Au fond, tous sont conscients que ce débat illustre le problème redoutable auquel doit se confronter l’Église : « se situer, dans notre société, comme le groupe religieux le plus important, mais parmi d’autres », résume Mgr Descubes. « Pour nous chrétiens, le droit obéit à la morale. Mais pour le reste de la société, il obéit à la loi du nombre. Comment vivre avec cette contradiction ? », s’interroge Mgr Hippolyte Simon, archevêque de Clermont.
La crainte, exprimée par Mgr Fonlupt, d’une Église placée, malgré elle, « dans une position frontale, défensive », s’est hélas réalisée, déplore-t-il. Or, pour l’évêque de Rodez, les chrétiens ne sont « ni à côté ni en face » de la société.
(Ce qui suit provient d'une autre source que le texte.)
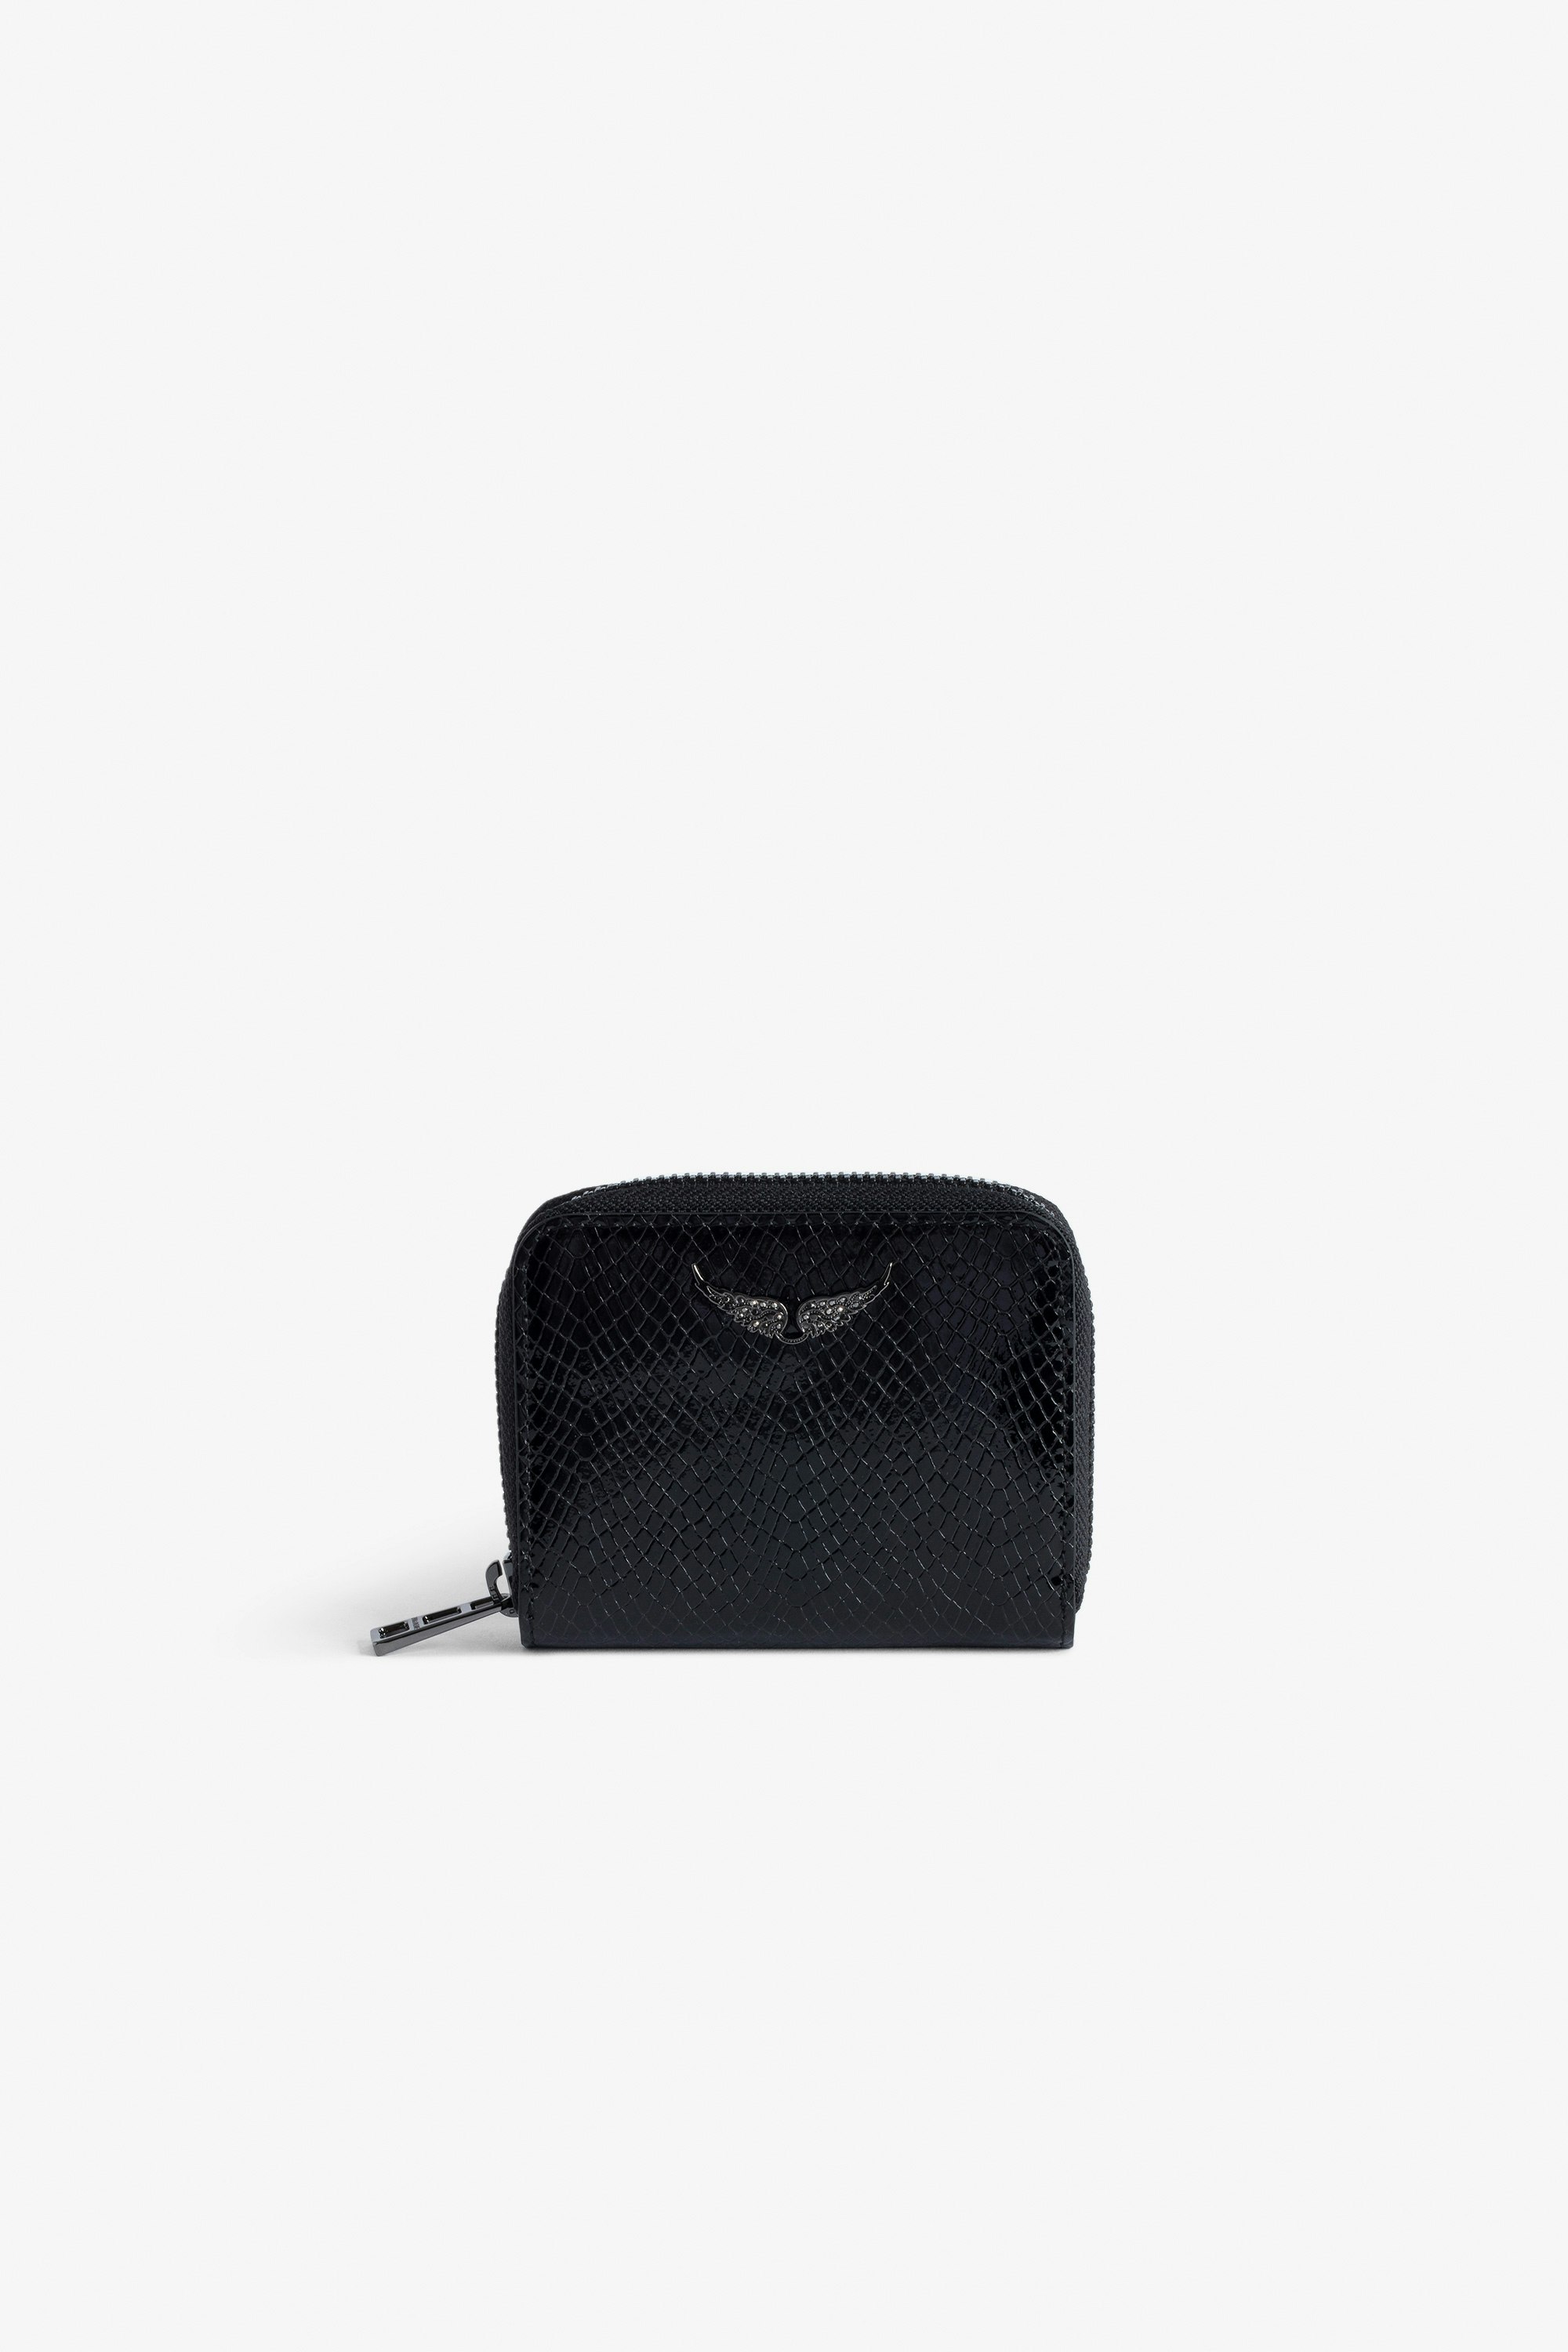 Mini ZV Embossed Coin Purse - Women’s black python-effect patent leather wallet with diamanté wings charm.

Ils doivent, au contraire, précise Mgr Dagens, « travailler à inscrire la foi chrétienne dans le tissu tellement déchiré de notre société, car leur voix est attendue ».
D’où l’appel incessant des évêques à un dialogue constructif avec les pouvoirs publics lors de tels choix de société. « Sans cela, la société va éclater », avance Mgr Descubes, qui plaide pour un dialogue « institutionnalisé » avec les religions, comme il existe en Allemagne.